Readers React: Morally bankrupt, mathematically wrong on inmate firefighters

To the editor: Set aside the ethical lapses made by those bemoaning the loss of nearly unpaid labor that is a consequence of the prison reform brought about by Proposition 47 and consider their mathematical lapses instead. (“Prop. 47 leaves future of California inmate fire crews uncertain,” Nov. 12)

State officials claim a savings of $80 million annually, realized by the conscription of 4,000 prisoners who apparently deserve to be paid only a tiny fraction of the roughly $20,000 average seasonal firefighting salary that is earned by their free colleagues.

This calculation does not, however, take into account the $47,000 paid annually by the state to incarcerate each of these same inmate firefighters, who are considered so low risk that they may be trusted to wield deadly weapons in the chaos of a blazing forest.

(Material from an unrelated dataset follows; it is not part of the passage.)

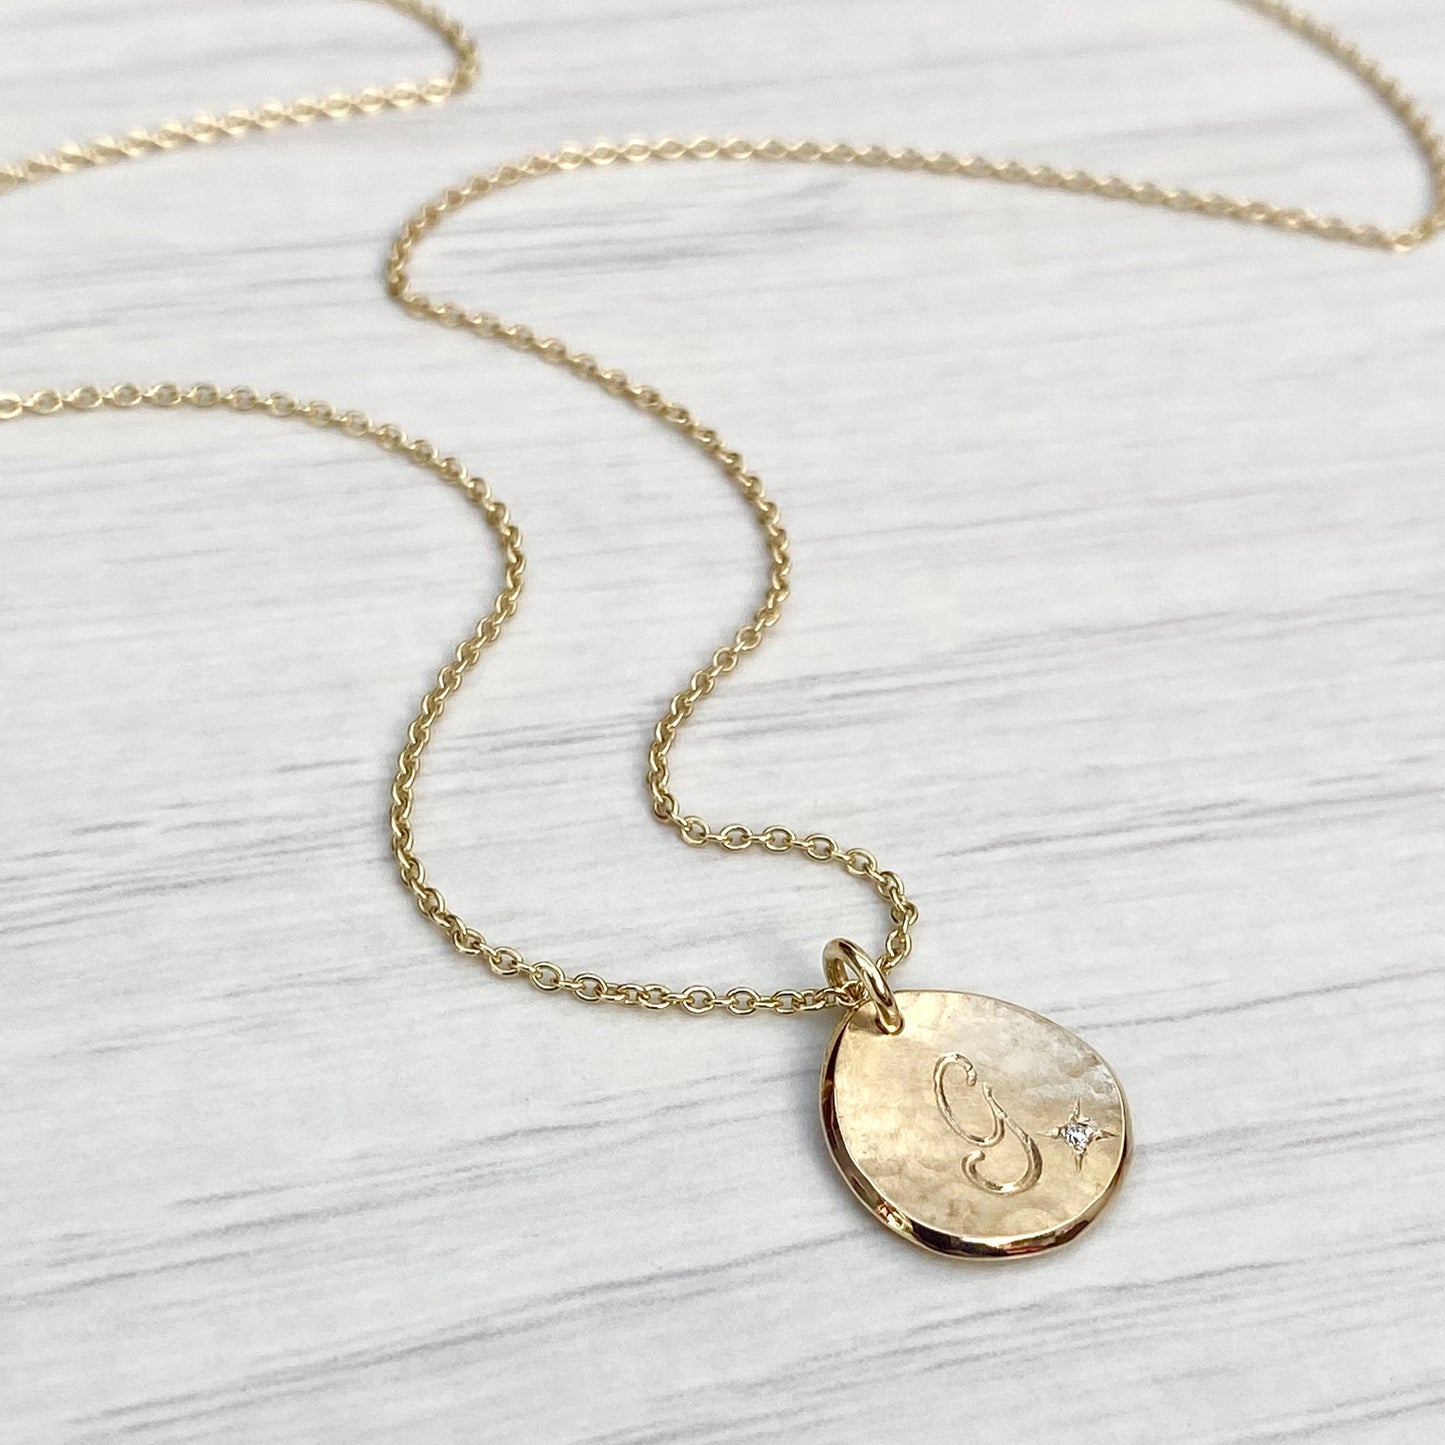 Handmade to order - 9ct solid yellow gold 13mm diamond petal charm pendant on a 1.2mm wide trace chain - Personalised with any letter
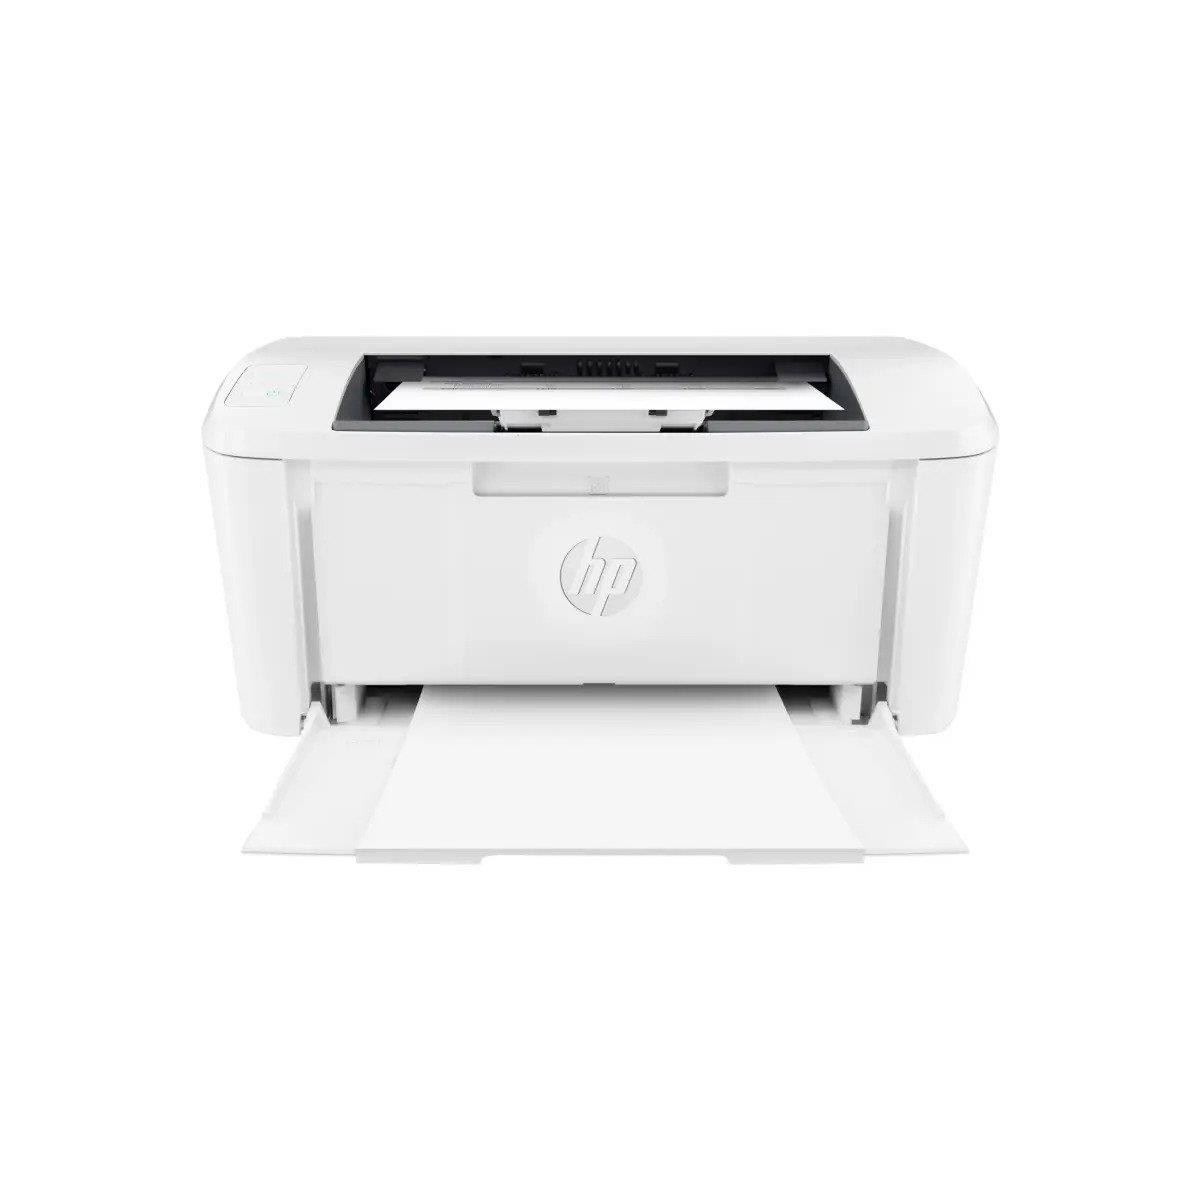 HP LaserJet M110we Printer - Black and white - Printer for Small office - Print - Wireless + Instant Ink eligible - Laser - 600

While it is disappointing that the moral calculus of these officials favors the ill-gotten gains of nearly free labor, the inability to recognize that inmate fire crews are more costly than paid labor exposes a stunning lack of arithmetic skills.


Jonathan May, Culver City


To the editor: As evidenced by the passage of Proposition 47, the people are still way ahead of the politicians on drug policy.

The punitive drug war is not the promoter of family values that some would have us believe. Children of inmates are at risk of educational failure, joblessness, addiction and delinquency.


Incarcerating nonviolent drug offenders alongside hardened criminals is the equivalent of providing them with a taxpayer-funded education in criminal behavior. Prisons transmit violent habits to nonviolent drug offenders who are eventually released with dismal job prospects because of criminal records.

Turning drug users into unemployable ex-cons is a senseless waste of tax dollars. It’s time to declare peace in the failed drug war and begin treating all substance abuse, legal or otherwise, as the public health problem it is.

Robert Sharpe, Washington

The writer is a policy analyst at Common Sense for Drug Policy.